Information shown:
++++++++++
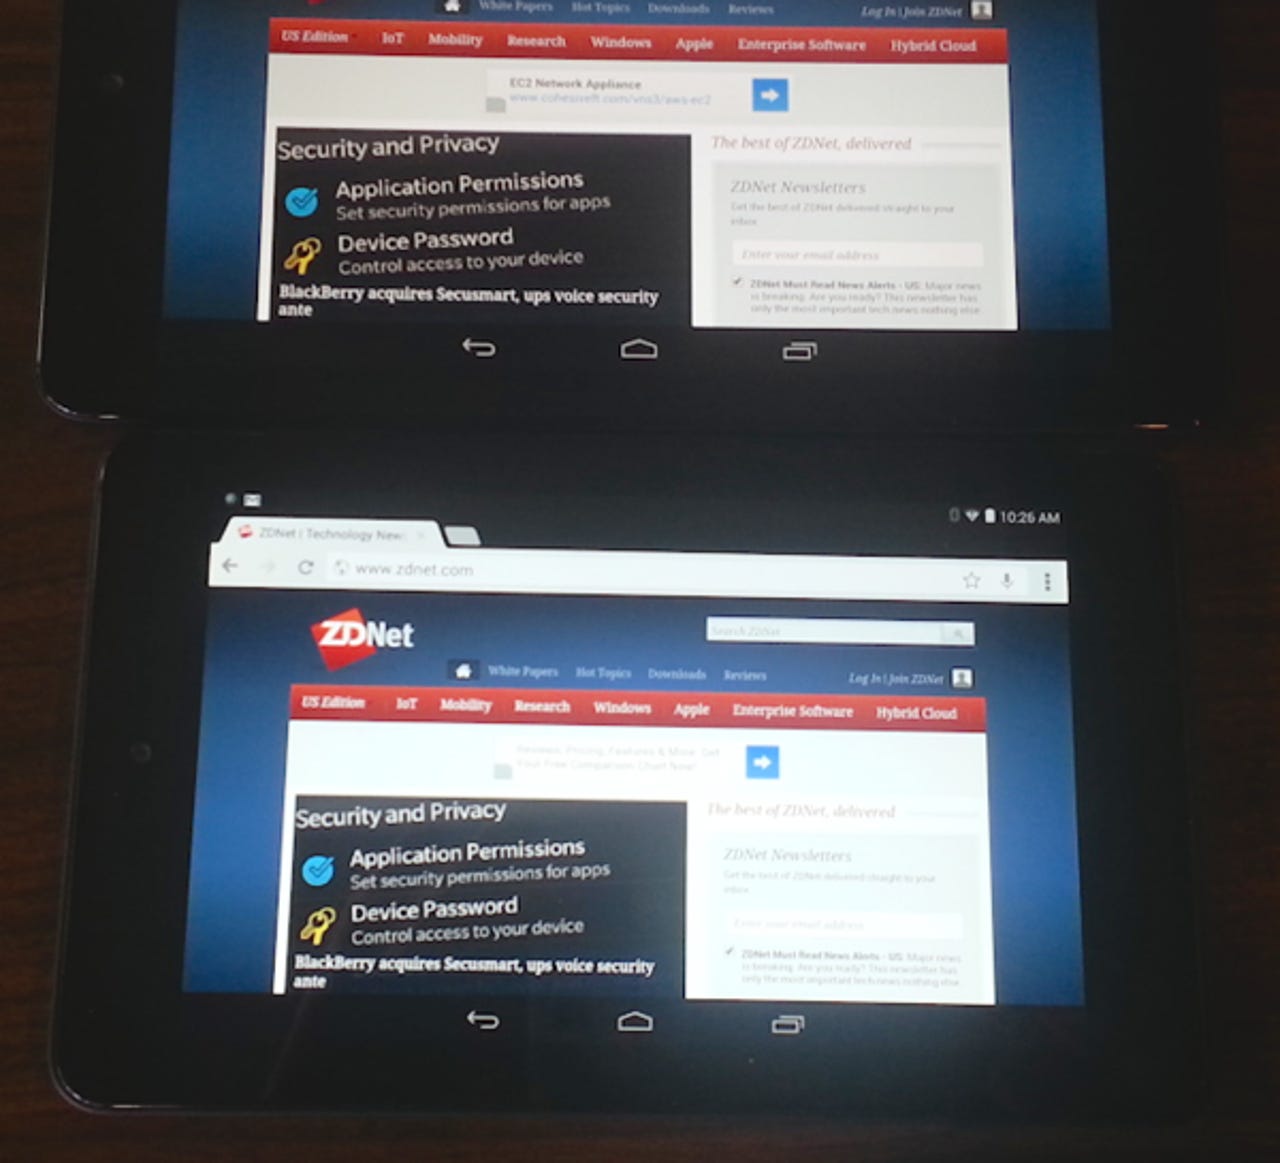 05-dell-venue-7-and-8-browser-comp.jpg
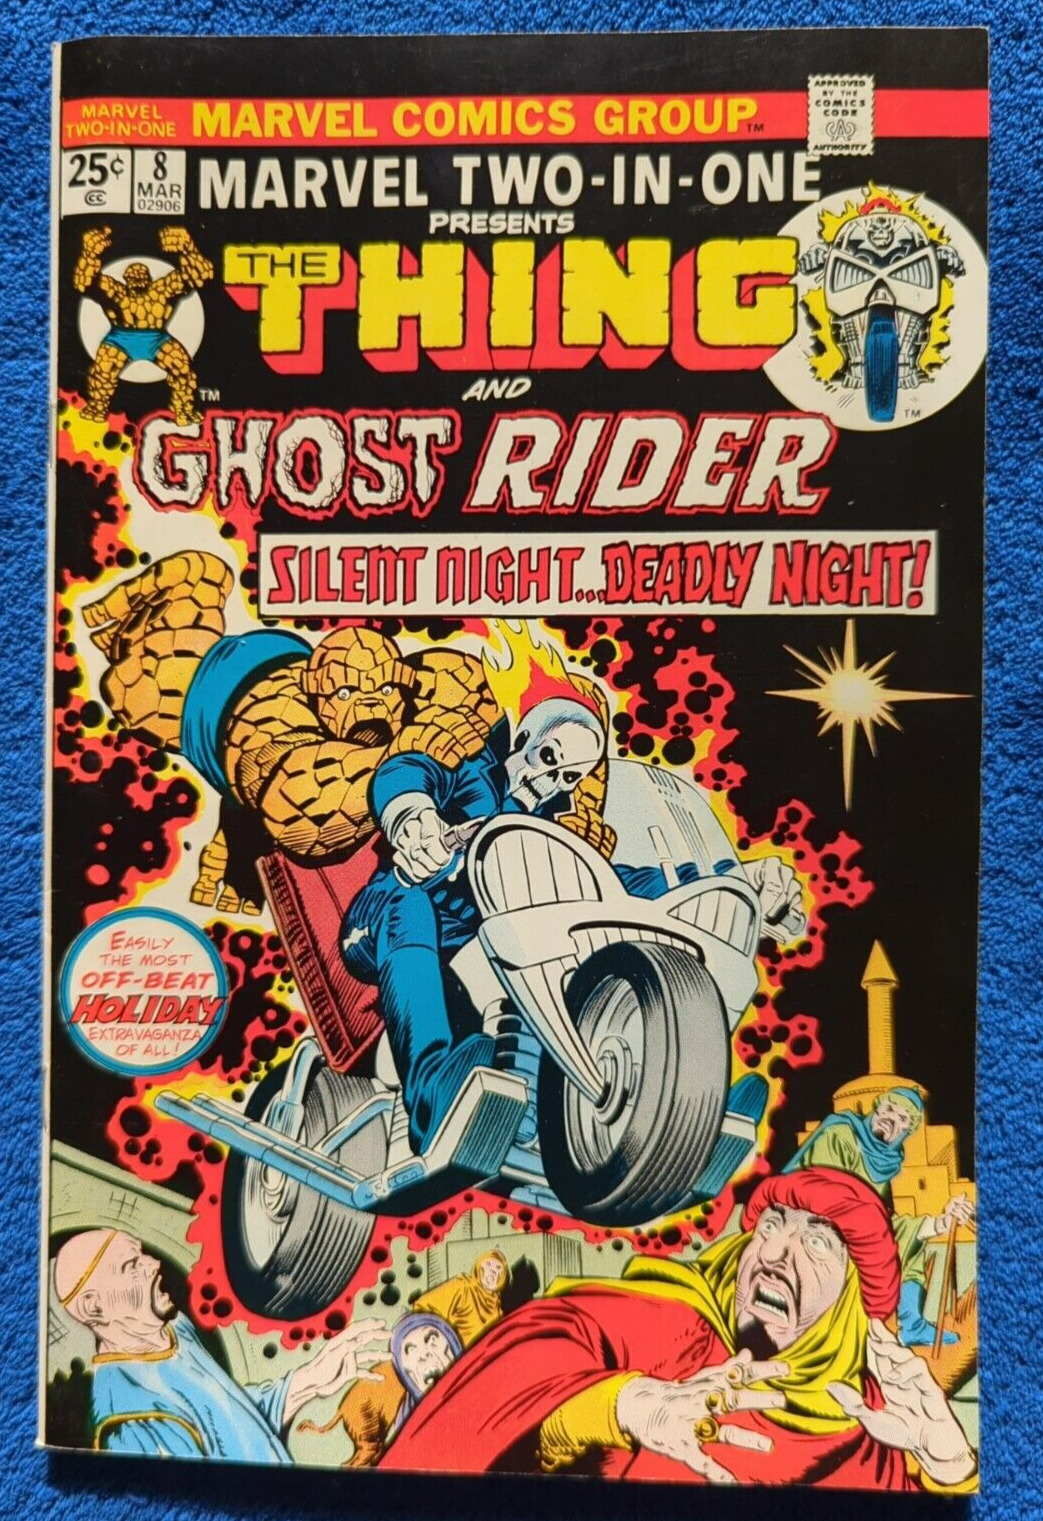 MARVEL TWO-IN-ONE #8. 1974, MARVEL. THE THING AND GHOST RIDER 9.4 NEAR MINT
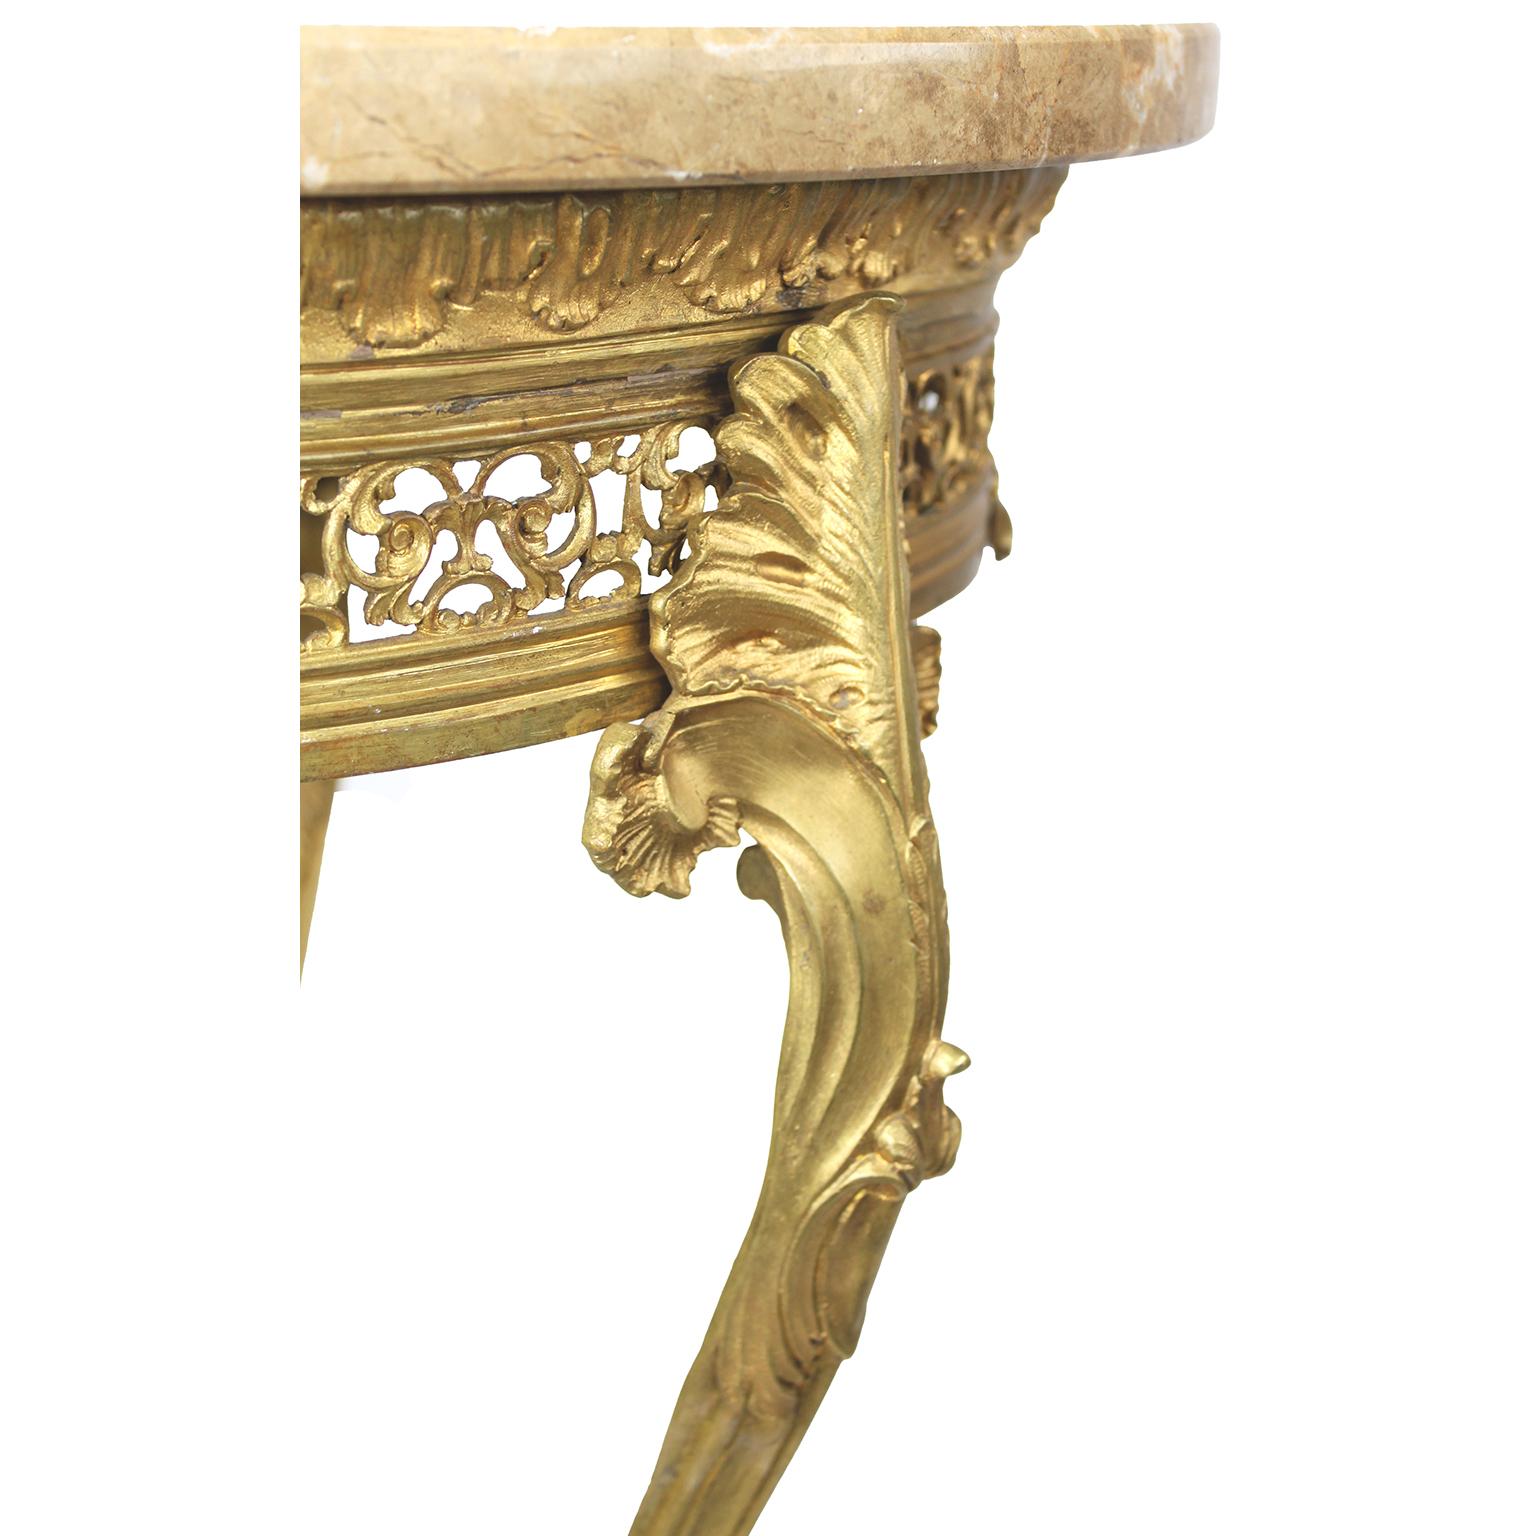 A French Belle Époque Louis XV Style Gilt-Bronze Gueridon Table with Marble Top For Sale 2
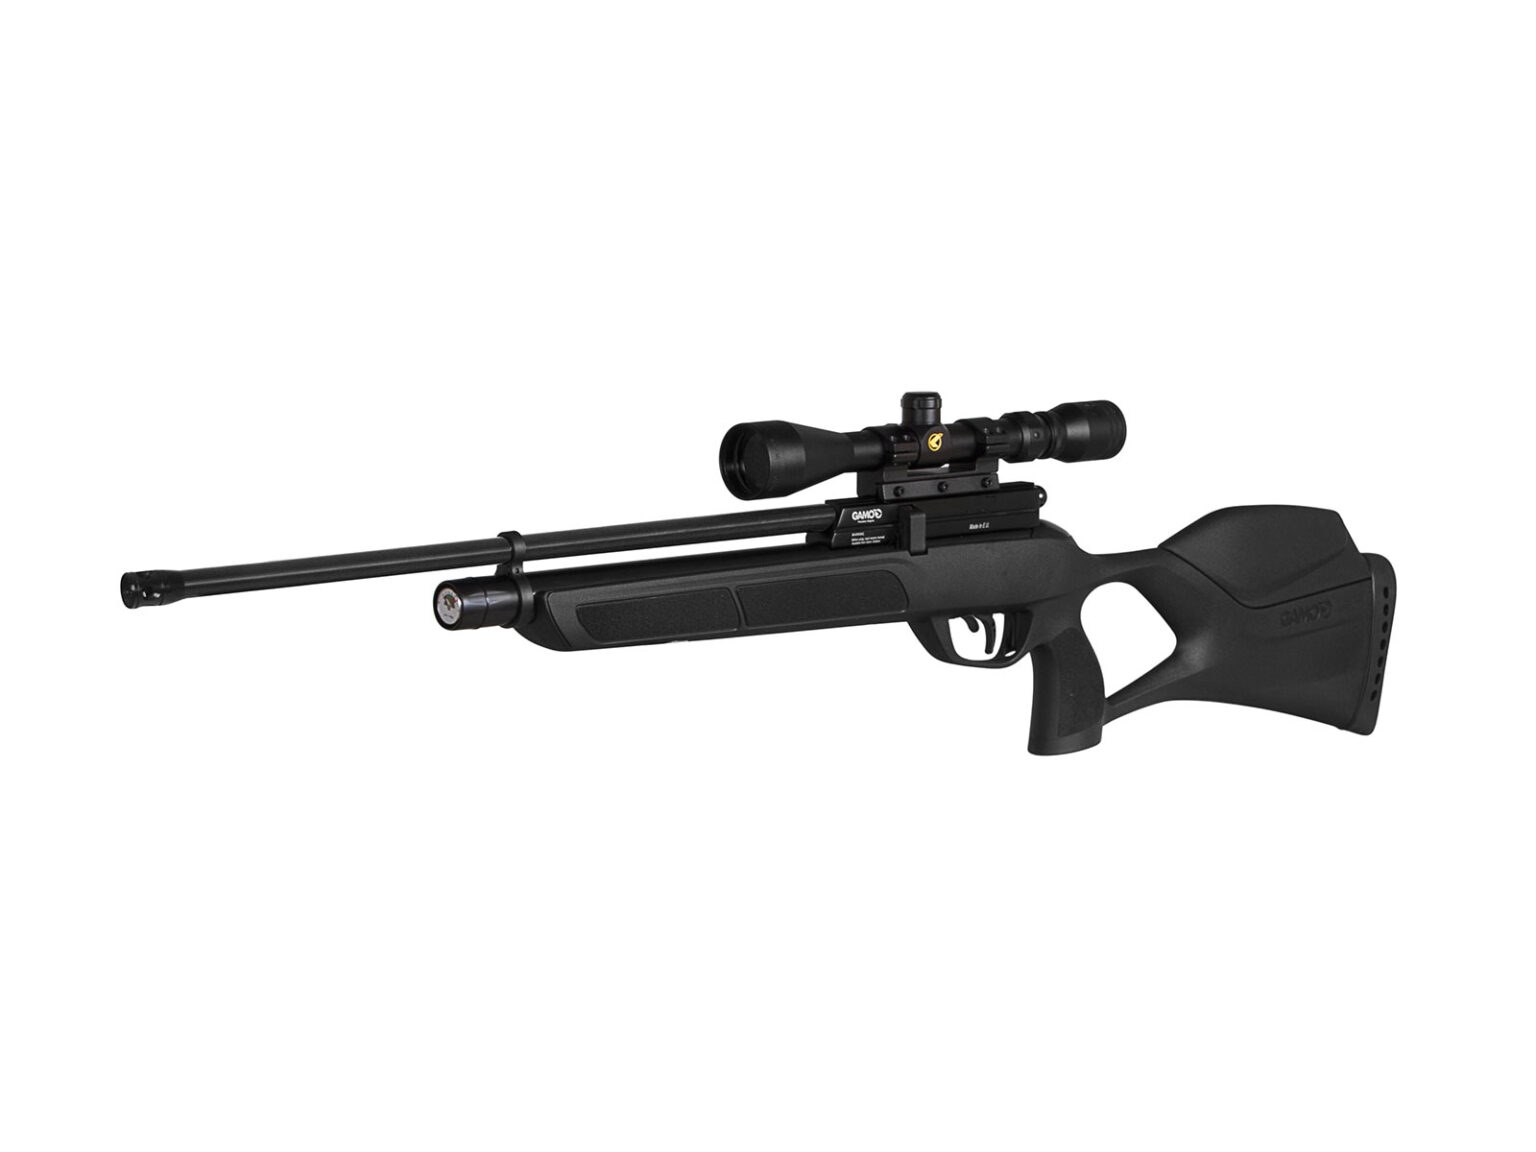 Gamo GX40 PCP Compact and Accurate Precharged Pneumatic Air Rifle
++++++++++
Exercise details:
Restate the material above word for word; pictures do not belong in the copy.

The completed task:
 05-dell-venue-7-and-8-browser-comp.jpg
 MARVEL TWO-IN-ONE #8. 1974, MARVEL. THE THING AND GHOST RIDER 9.4 NEAR MINT
 A French Belle Époque Louis XV Style Gilt-Bronze Gueridon Table with Marble Top For Sale 2
 Gamo GX40 PCP Compact and Accurate Precharged Pneumatic Air Rifle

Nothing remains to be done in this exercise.